50% of instructions are loads and stores = 0.5 memory access per instruction

Thus average access per instruction = 1 (fetch) + 0.5(data)

Miss penalty per instruction = 1.5 \* 0.02 \* 25

= 0.75

CPI = 1.0 + 0.75

Actual CPI = 1.75

Speedup = (CPI with no misses) /( CPI with misses)

Speedup = (1.75 / 1.0)

Speedup = 1.75 times faster

## **E2**

### Problem

You purchased an Acme computer with the following features:

- 95% of all memory accesses are found in the cache.
- Each cache block is two words, and the whole block is read on any miss.
- The processor sends references to its cache at the rate of 109 words per second.
- 25% of those references are writes.
- Assume that the memory system can support 109 words per second, reads or writes.
- The bus reads or writes a single word at a time (the memory system cannot read or write two words at once).
- Assume at any one time, 30% of the blocks in the cache have been modified.
- The cache uses write allocate on a write miss.

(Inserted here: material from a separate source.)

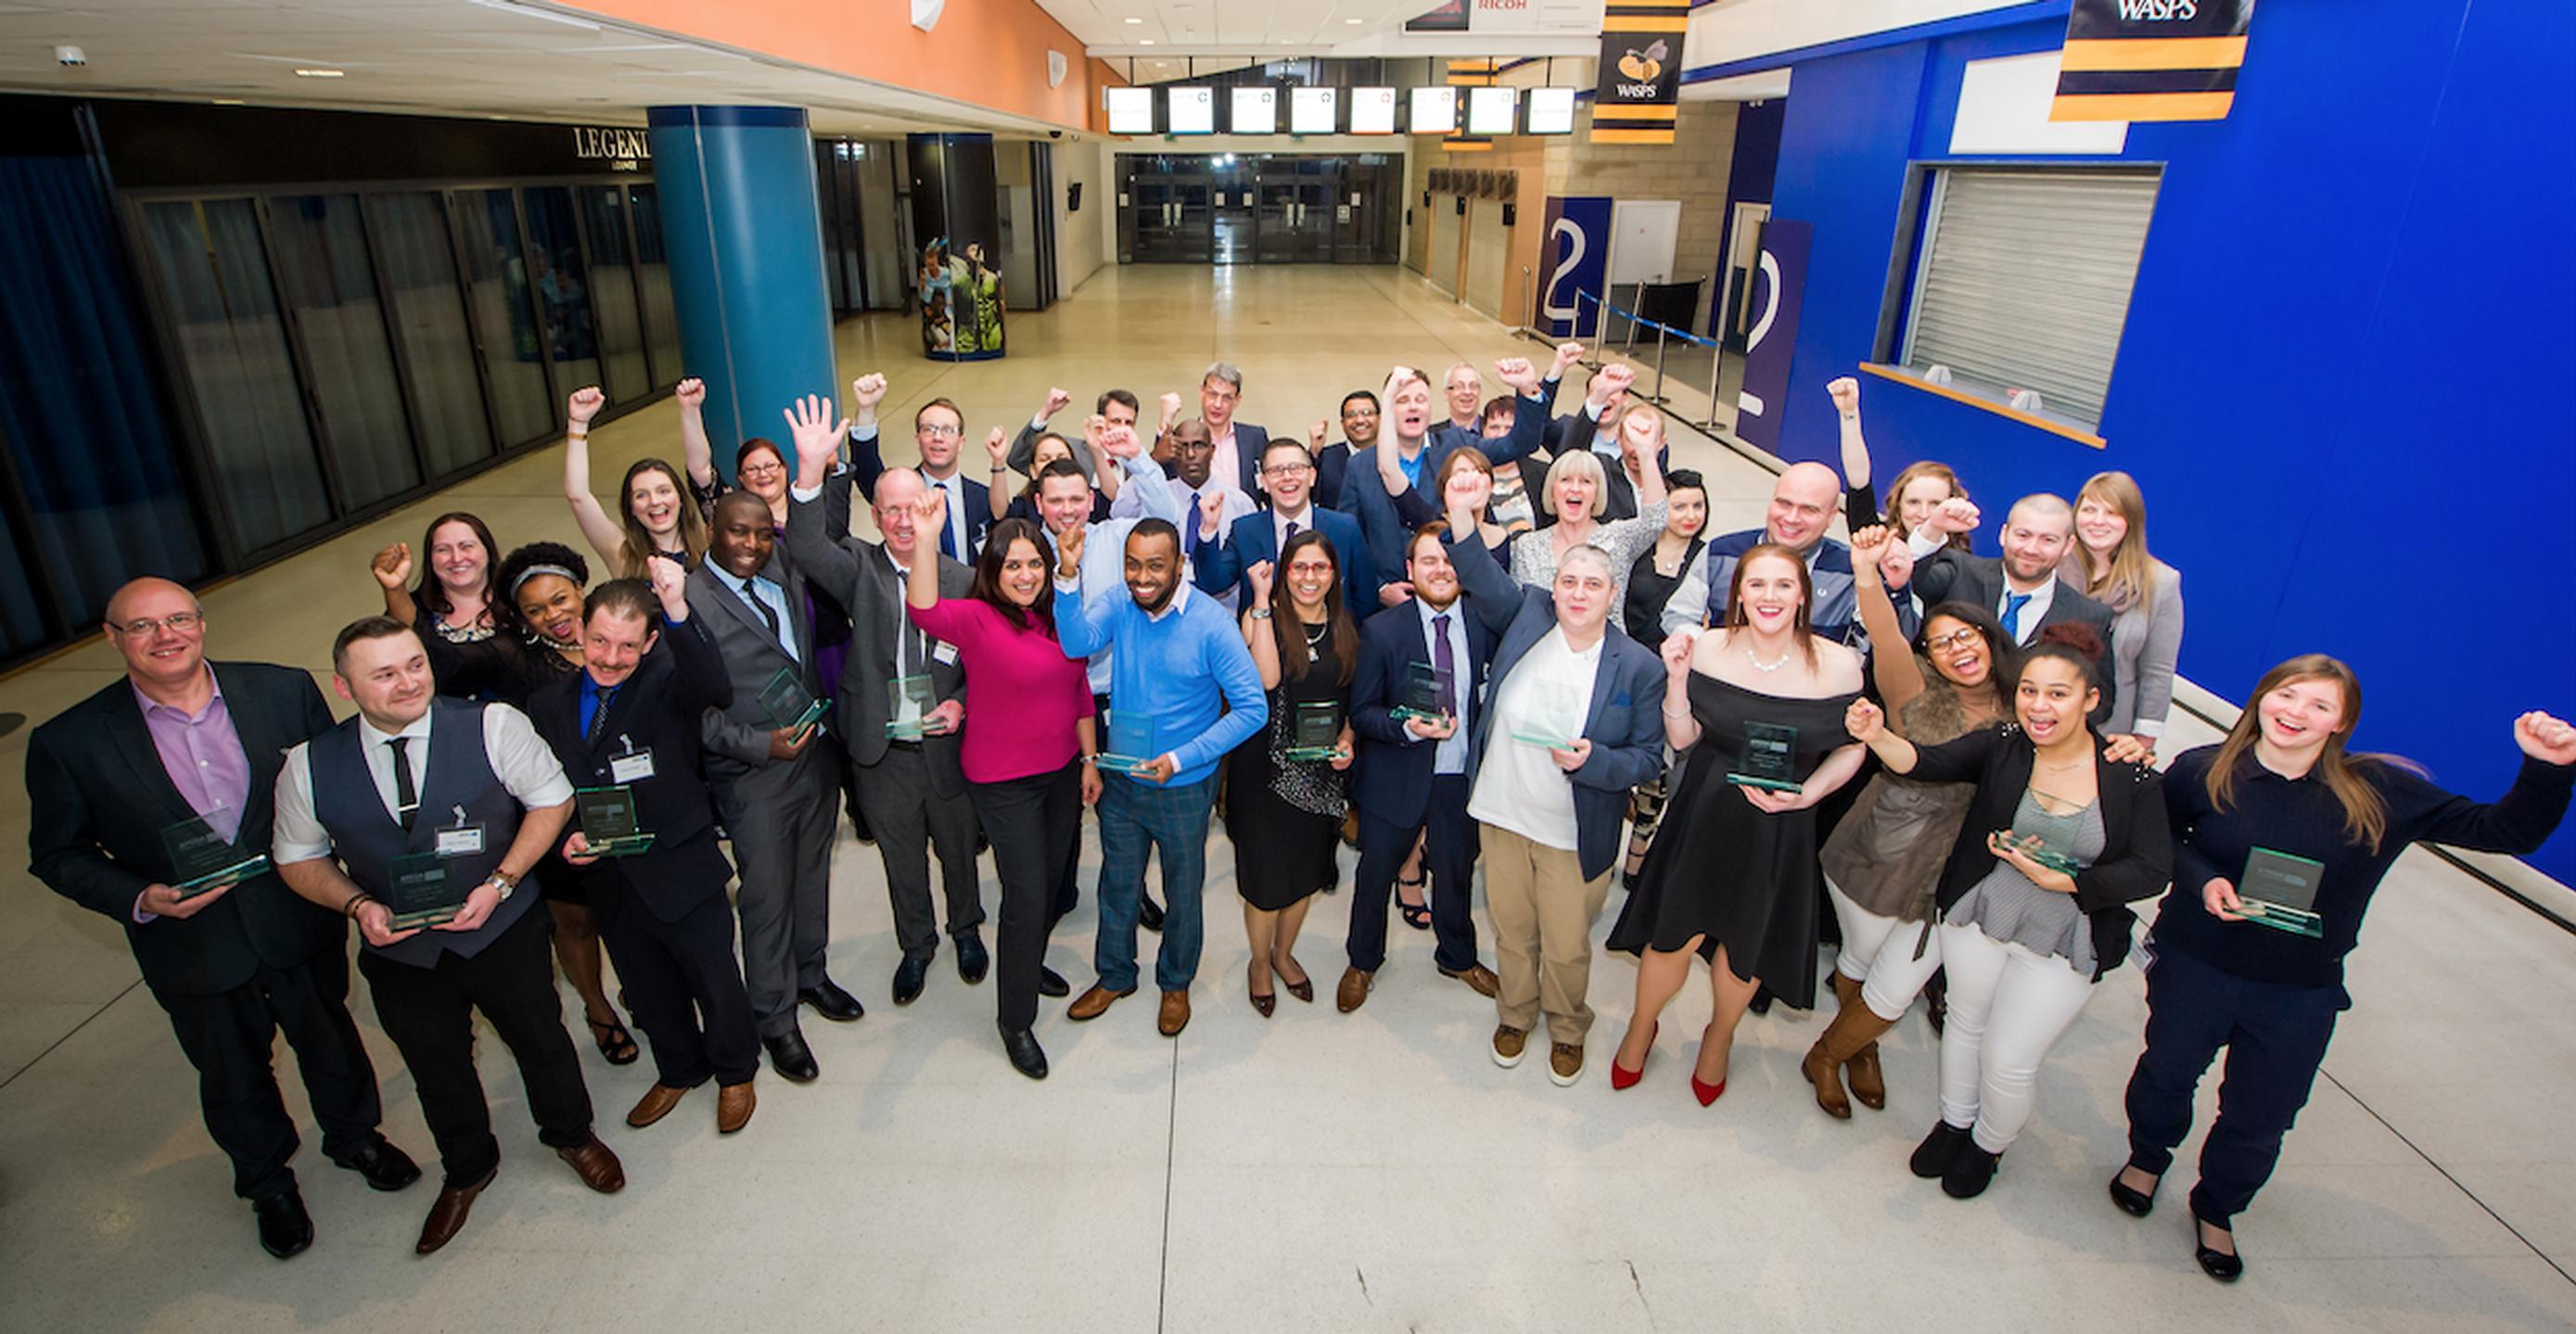 The APCOA Staff Recognition Award recipients with friends and colleagues at the Ricoh Arena

You are considering adding a peripheral to the system, and you want to know how much of the memory system bandwidth is already used. Calculate the percentage of memory system bandwidth used on the average in the two cases below. Be sure to state your assumptions.

a. The cache is write through.

Fraction of read hits = 0.75 \* 0.95 = 0.7125

Fraction of read misses = 0.75 \* 0.05 = 0.0375

Fraction of write hits = 0.25 \* 0.95 = 0.2375

Fraction of write misses = 0.25 \* 0.05 = 0.0125

For write through cache:

On a read miss memory must send two words to the cache

On a write hit the cache must send a word to memory.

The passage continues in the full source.